In lieu of an abstract, here is a brief excerpt of the content:

  • The End of the Journey
  • Matthew Peters (bio)
The Journey Abandoned: The Unfinished Novel by Lionel Trilling, edited by Geraldine Murphy. Columbia University Press. 2008. £15.95. ISBN 0 2311 4450 6

Lionel Trilling's unfinished novel was found recently amongst his papers at Columbia University. The first references to it appear in [End Page 455] Trilling's notebooks in the mid-1940s. In a short commentary on the work Trilling stated that the manuscript was only one-third of the way to completion, and admitted that he had no 'new point at which to aim' (p. 161). He set it aside in the early 1950s, evidently hoping that he would resume it at some point in the future.

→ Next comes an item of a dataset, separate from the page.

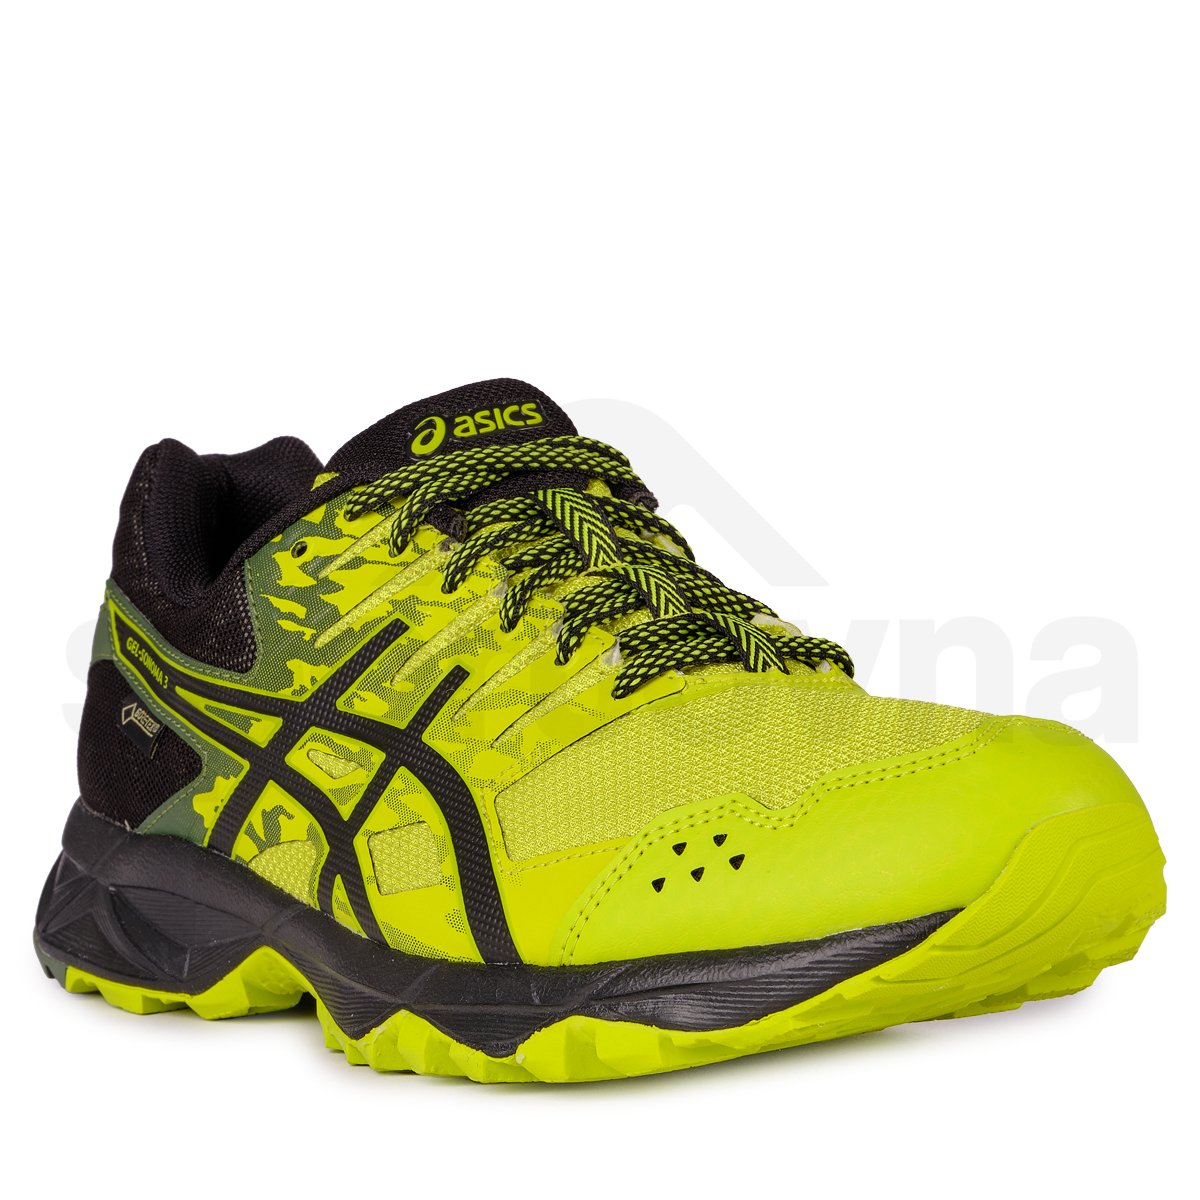 Pánská běžecká obuv Asics Gel Sonoma GTX M - černá/žlutá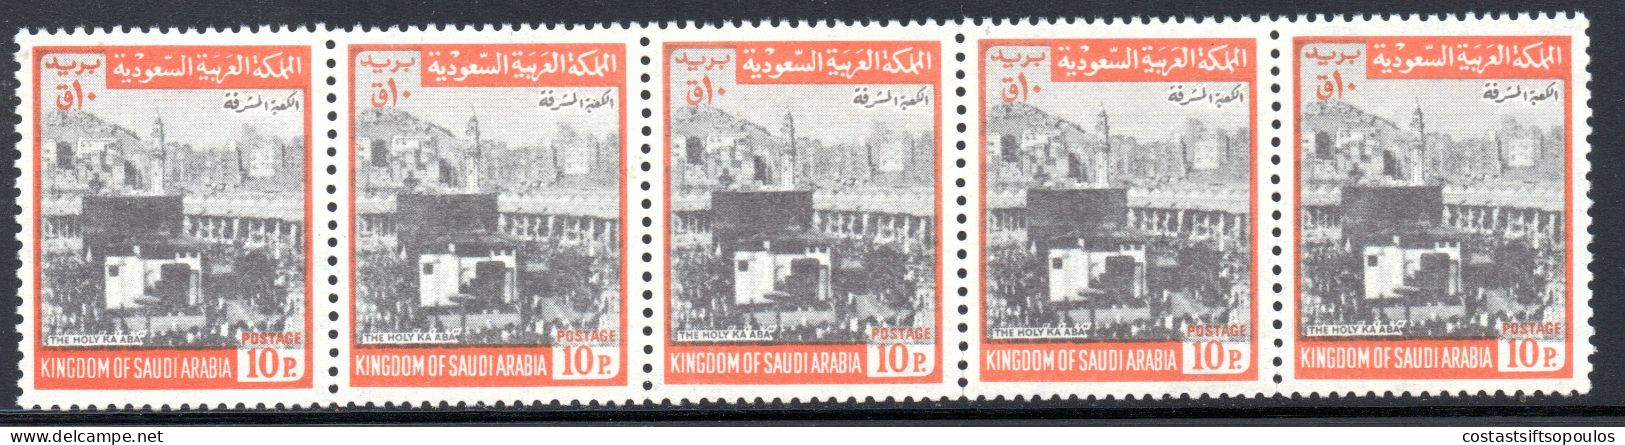 2941. SAUDI ARABIA 1969 10 P. KAABA MICH. 487 II MNH STRIP OF 5 - Saoedi-Arabië

Vincent Hammell, the novel's protagonist, is an intelligent, lowermiddle class young man from an unnamed Midwestern city, who scrapes an unsatisfying living from teaching creative writing at the city's cultural institute, and working occasionally at the local newspaper, while writing a book on American literature. He sends an admiring letter to a notable, though still young, critic and novelist, Harold Outram, who is the director of a wealthy cultural foundation. Outram and Vincent meet, and after a short conversation, Outram offers Vincent the opportunity to write the biography of Jorris Buxton, an elderly and distinguished novelist and poet who, at the age of 40, renounced literature for mathematical physics, in which discipline he also holds some distinction. Vincent accepts, and moves to New England, where he suddenly finds himself leading a rich cultural life, gaining the society not only of Outram and Buxton but also of Garda Thorne, a short-story writer, whose work Vincent deeply admires, and who, he discovers, once had a relationship with Buxton. Vincent is also introduced to a friend of Buxton's, Mrs Post, and her young protégée, Perdita, whose singing lessons Buxton sponsors. Vincent is aware that Outram and Garda Thorne find Mrs Post's intentions manipulative, and he himself suspects that Buxton is dangerously captivated by Perdita. (In a preface to the novel Trilling wrote that a similar – and ruinous – episode in the life of W. S. Landor provided the germ for his novel.) At this point the manuscript ends.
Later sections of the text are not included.